As mulheres vítimas de violência doméstica continuada e severa desenvolvem um mecanismo de sobrevivência para não serem maltratadas que aumenta o risco de desenvolverem doenças cardiovasculares, diabetes, hipertensão e cancro, revela um estudo divulgado hoje.
Segundo o estudo, o ‘stress’ prolongado e sem controlo leva ao aparecimento de doenças que podem conduzir à morte.

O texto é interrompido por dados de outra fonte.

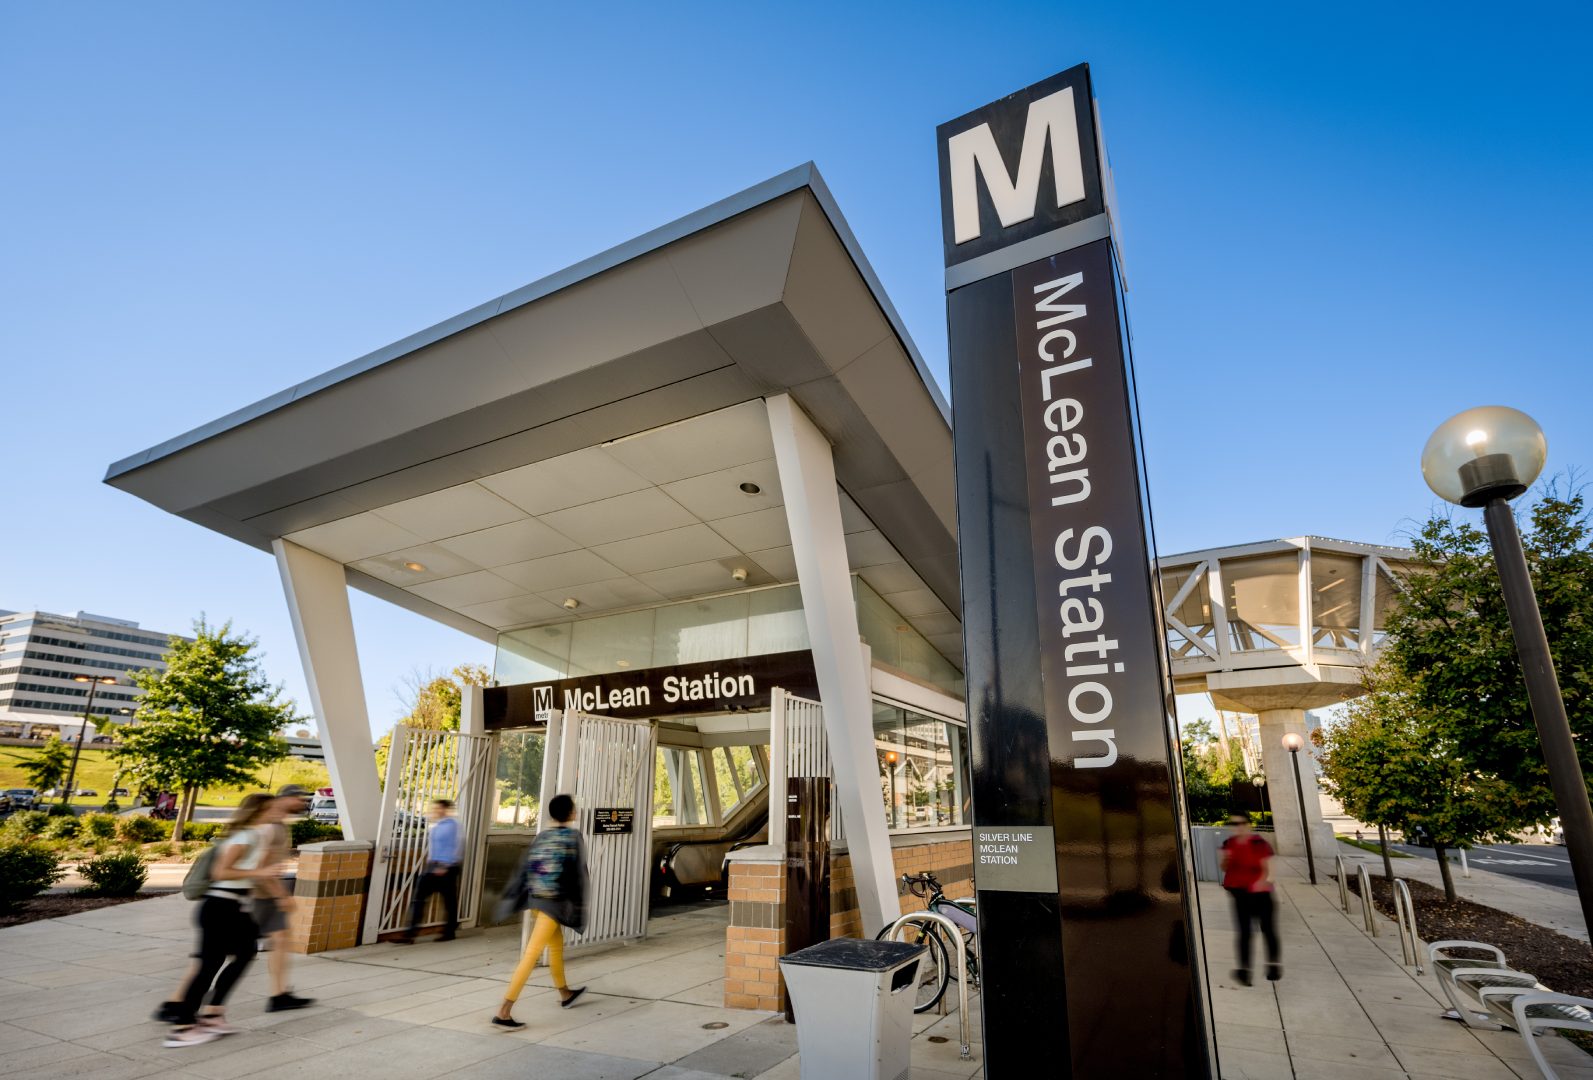 The entrance and signage of McLean Station, a train station in the neighborhood of Heming apartments
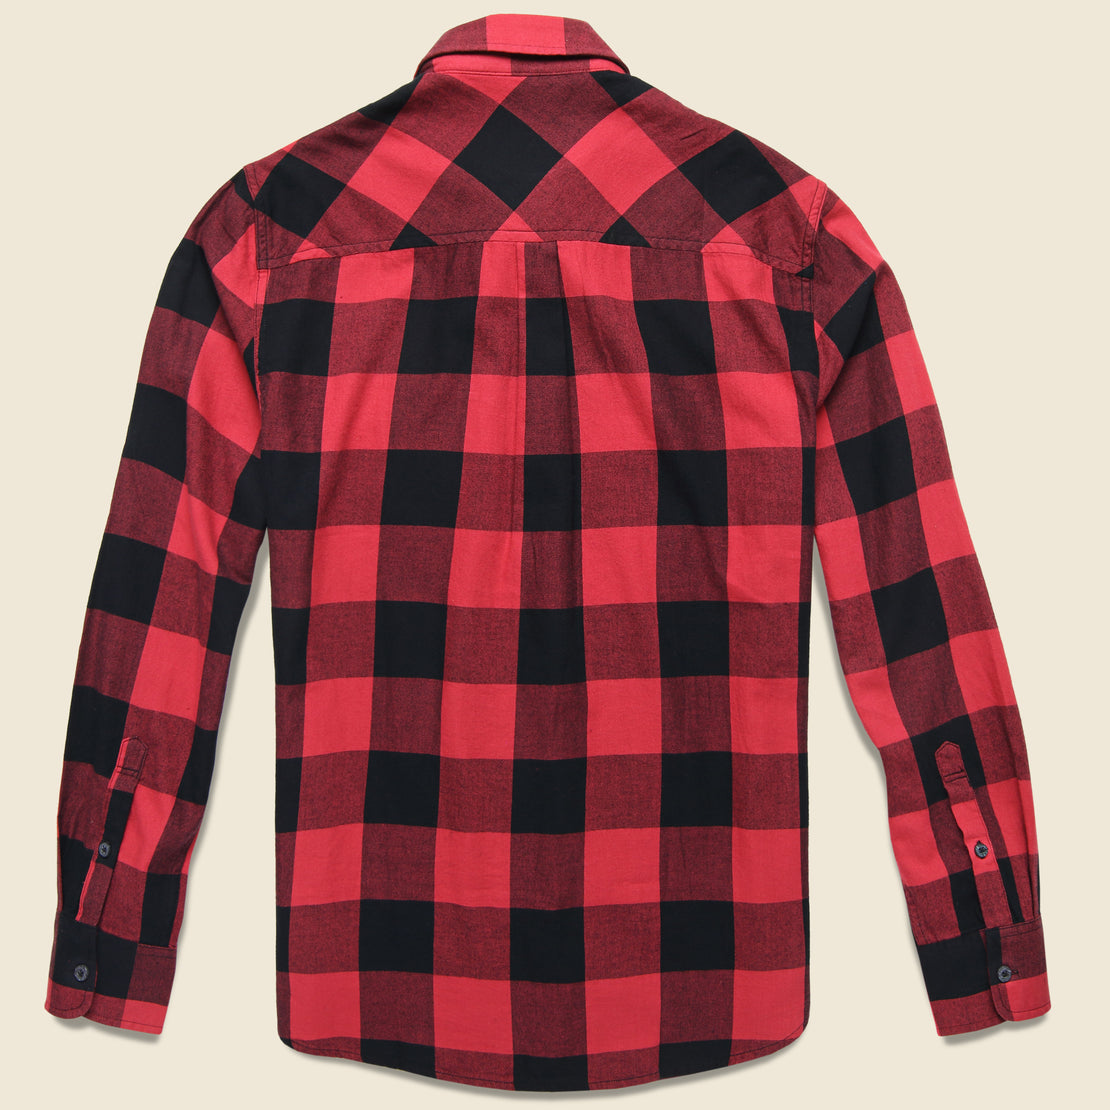 Foster Flannel - Red - Penfield - STAG Provisions - Tops - L/S Woven - Plaid

Financiado pela Fundação para a Ciência e Tecnologia e tendo como investigadora principal Inês Jongenelen, da Universidade Lusófona, o estudo foi realizado por investigadores das universidades Lusófona do Porto, da Universidade do Porto, e da Universidade de Michigan, Estados Unidos, e envolveu 160 mães e 160 crianças portuguesas sinalizadas por violência doméstica, 80 das quais a viver com o agressor e as restantes em casas abrigo.
A investigação – publicada nas revistas científicas Psychoneuroendocrinology, Journal of Interpersonal Violence, Child Abuse & Neglect e Journal of Child and Family Studies – visou perceber as diferenças das mulheres e das crianças nestes dois contextos distintos e entender do ponto de vista fisiológico, psicológico e social qual é o impacto de continuar a viver com o agressor e o que significa estar numa casa abrigo.
Nas mulheres, os investigadores analisaram os níveis de cortisol, hormona associada ao ‘stress’ que tem efeitos positivos na regulação da resposta imunitária e no metabolismo, que normalmente aumenta após o acordar.
Quando isso não acontece é “um indicador de que o sistema de stress não está a funcionar corretamente”, disse à agência Lusa o investigador Ricardo Pinto, da Universidade Lusófona do Porto, adiantando que apenas 40% das mulheres avaliadas tinham uma libertação normal de cortisol.
A desregulação da libertação de cortisol está correlacionada com situações de violência severas e frequentes e observa-se nas mulheres que vivem com o agressor, disse o investigador.
Este dado é explicado no estudo como fazendo parte de um mecanismo de sobrevivência em que as mulheres mais maltratadas recorrem a comportamentos, como a inação, apatia ou evitamento, similares ao comportamento de fuga ou luta quando se está perante uma ameaça.
Se por um lado estes comportamentos são adaptativos na medida em que a mulher “finge-se de morta” para não ser maltratada, por outro lado, esta “desregulação persistente no tempo é um fator de risco para o aparecimento de doenças, nomeadamente diabetes, infeções crónicas, e doenças mais mortais, como as doenças cardiovasculares e o cancro”, disse Ricardo Pinto.
“Na prática, a mulher vítima de violência doméstica só está a adiar o inevitável, uma vez que se não morrer pelas mãos do agressor, morre a longo prazo pelo desenvolvimento de doenças mortais, tal como se tem vindo a provar em vários estudos empíricos”, frisou.
Ricardo Pinto defendeu que estes resultados devem alertar a comunidade para que se olhe para a violência doméstica também como “um fator de risco de morte a longo prazo” e não apenas pelo número de mortes e pelas mazelas físicas que deixam nas mulheres.
O estudo verificou ainda que, ao contrário das mulheres que viviam em casa-abrigo, que estavam mais ajustadas em termos psicológicos, fisiológicos e sociais do que as que viviam com o agressor, as crianças revelaram mais problemas emocionais e comportamentais, o que poderá em parte ser explicado pelas mudanças de contexto de vida destas crianças.
Inês Jongenelen ressalvou que estes dados relativos às crianças, com idades entre os quatro e os 10 anos, têm de ser “olhados com muita cautela” porque foram recolhidos num “único momento” e baseados nos relatos das mães. A transição para a casa abrigo pode ser vivida pela criança como um fator de ‘stress’ a curto prazo e não ser necessariamente um preditor a longo prazo do ajustamento psicológico da criança, explicou a investigadora.
Apesar de permanecer junto da mãe, a criança ao entrar na casa-abrigo deixou a sua casa, perdeu a ligação à escola, aos amigos e à família alargada. Contudo, este impacto mais negativo pode dissipar-se com a adaptação à casa e ao facto de a mãe estar melhor, mas só com um estudo longitudinal se poderá avaliar o que aconteceu.
“Por outro lado, muitas destas crianças poderiam já ter problemas mais acentuados antes da entrada na casa abrigo”, o que contribuirá para explicar os resultados obtidos, observou a diretora da Faculdade de Psicologia da Lusófona do Porto e da Escola de Psicologia e Ciências da Vida da Universidade Lusófona de Lisboa.
Para Inês Jongenelen, estes resultados reforçam a importância das instituições prestarem serviços e cuidados centrados na família e nas necessidades da criança.